PROVIDED MATERIAL:

▼▼▼

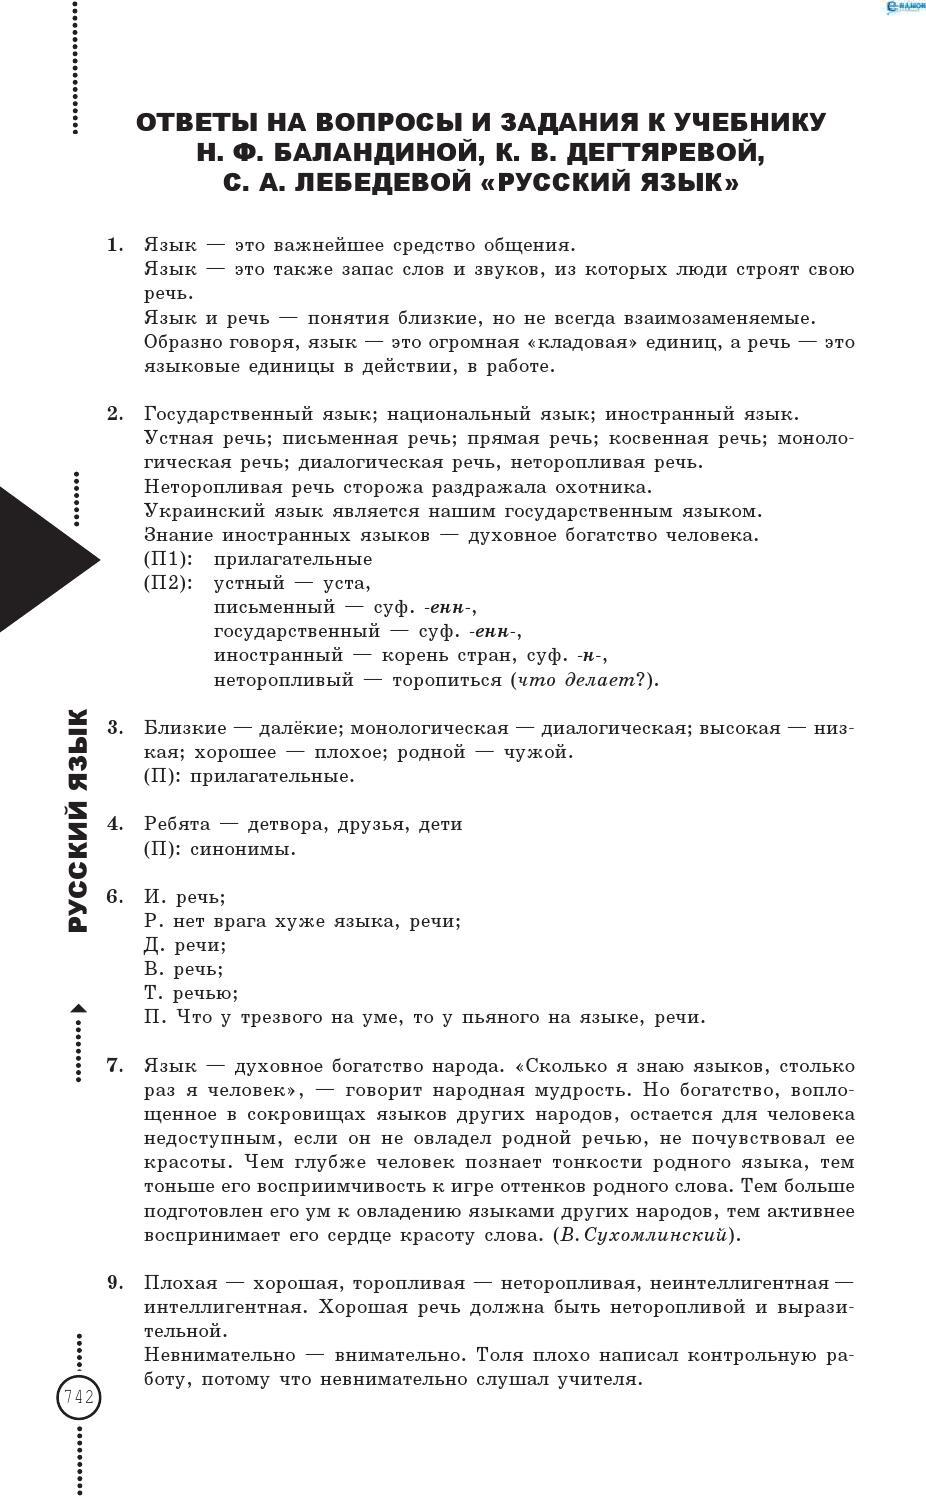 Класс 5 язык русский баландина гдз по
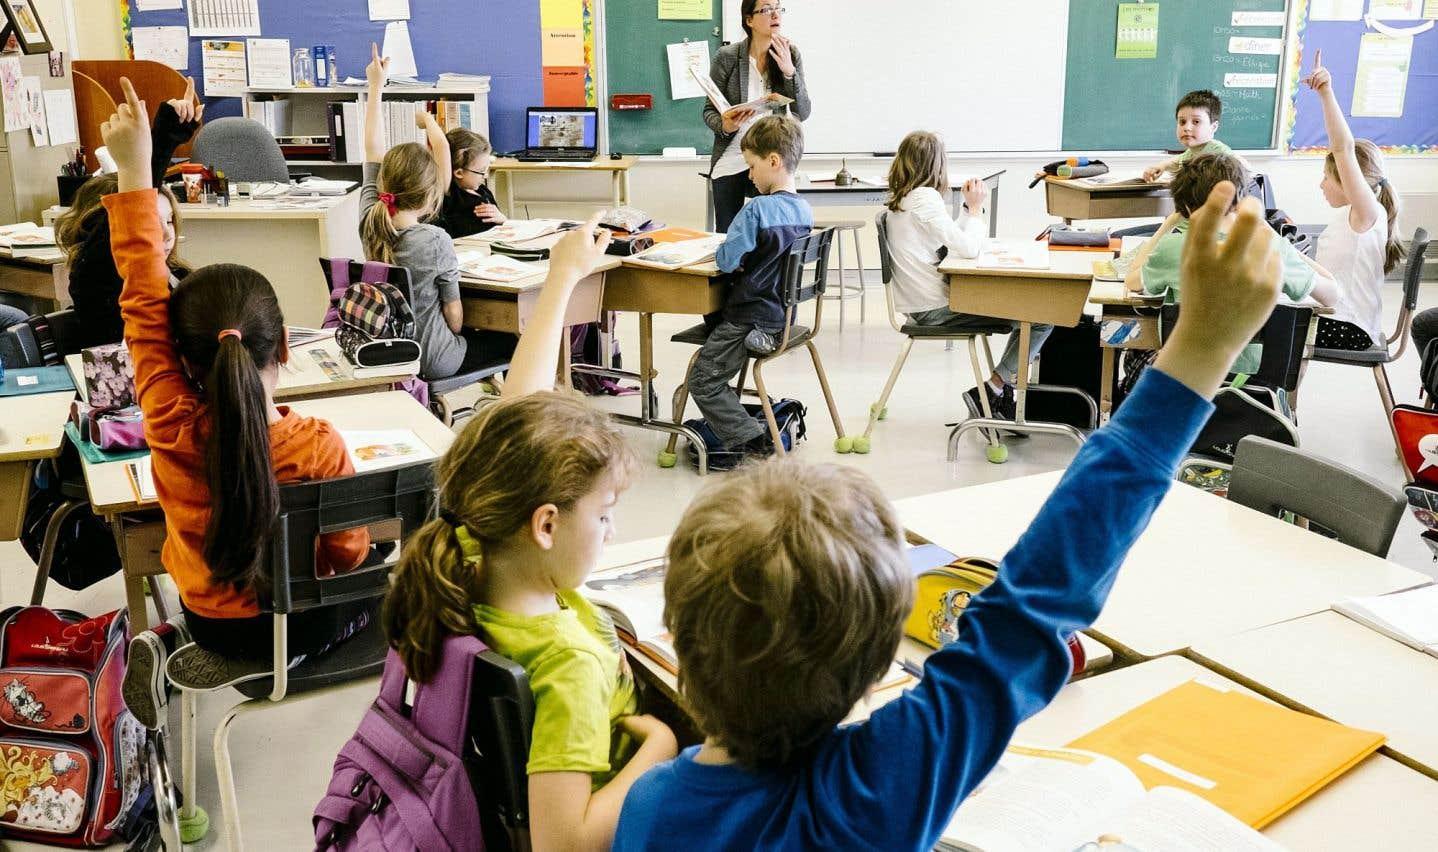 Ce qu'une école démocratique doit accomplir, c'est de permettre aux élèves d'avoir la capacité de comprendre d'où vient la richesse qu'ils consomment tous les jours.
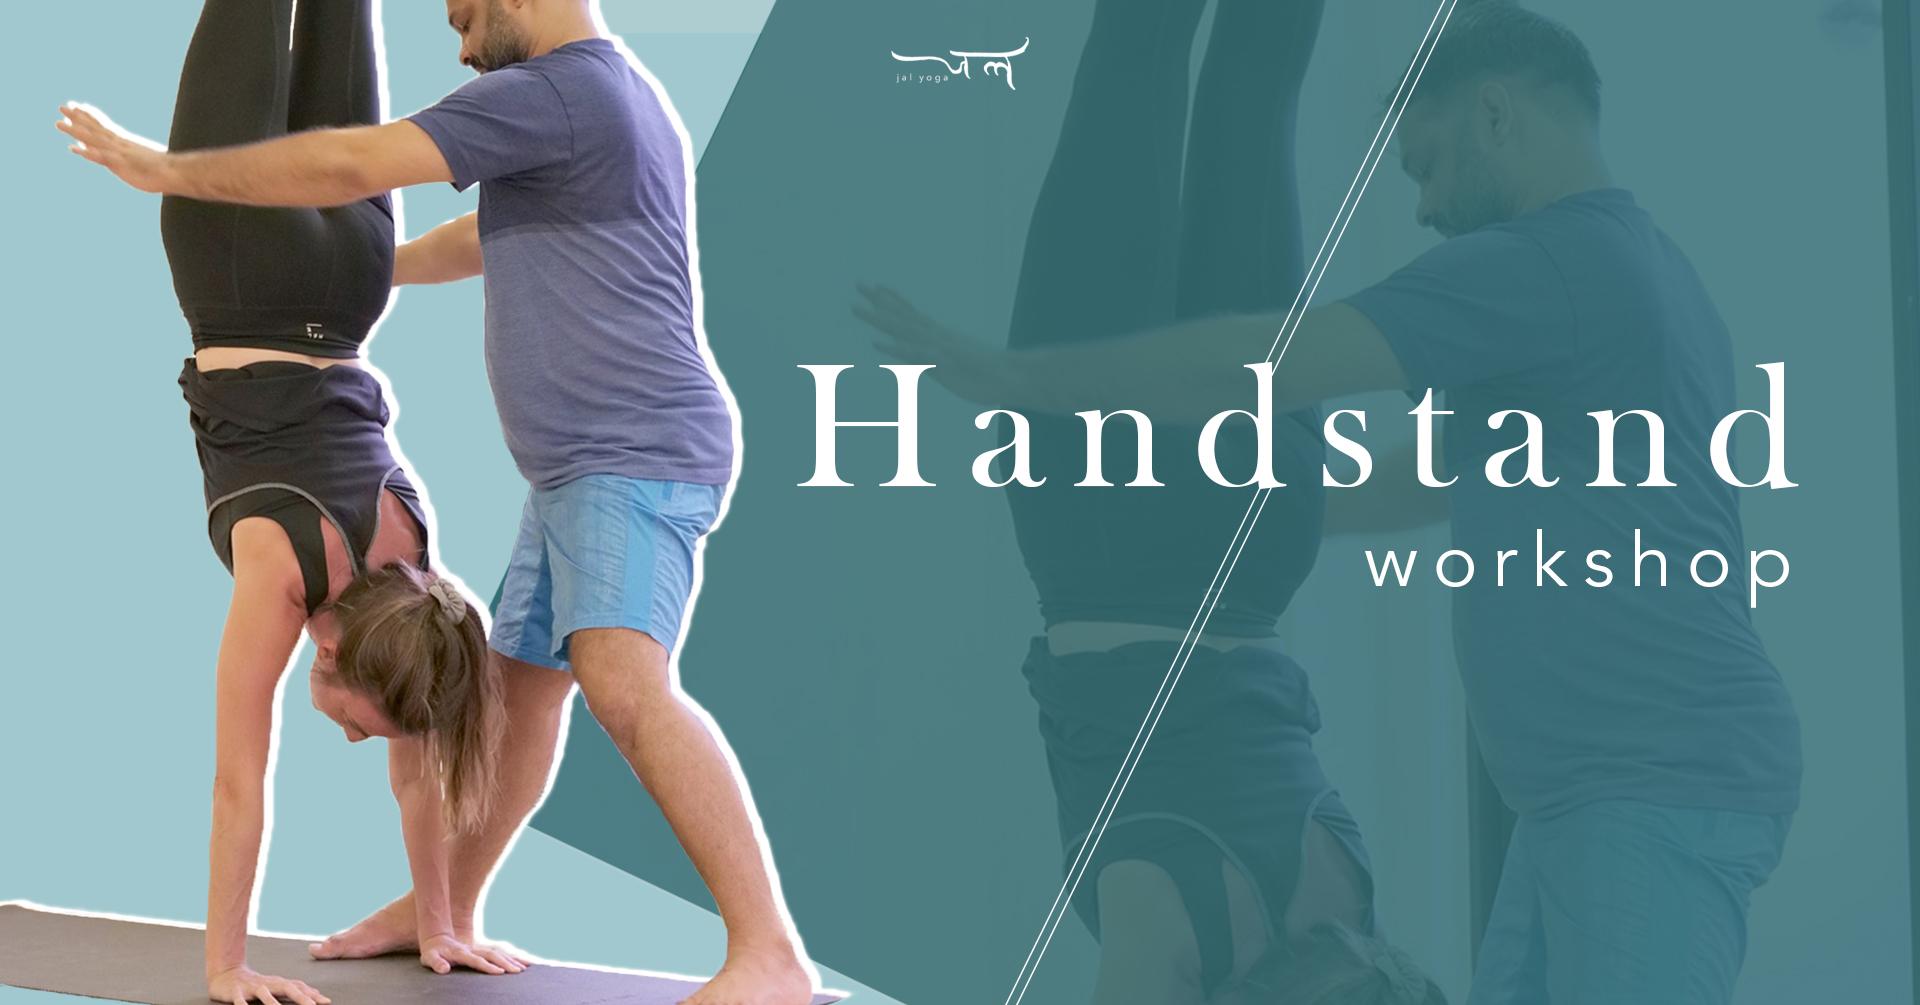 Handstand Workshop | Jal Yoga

▲▲▲

Output the complete listing exactly. Pictures stay out.

 Класс 5 язык русский баландина гдз по
 Ce qu'une école démocratique doit accomplir, c'est de permettre aux élèves d'avoir la capacité de comprendre d'où vient la richesse qu'ils consomment tous les jours.
 Handstand Workshop | Jal Yoga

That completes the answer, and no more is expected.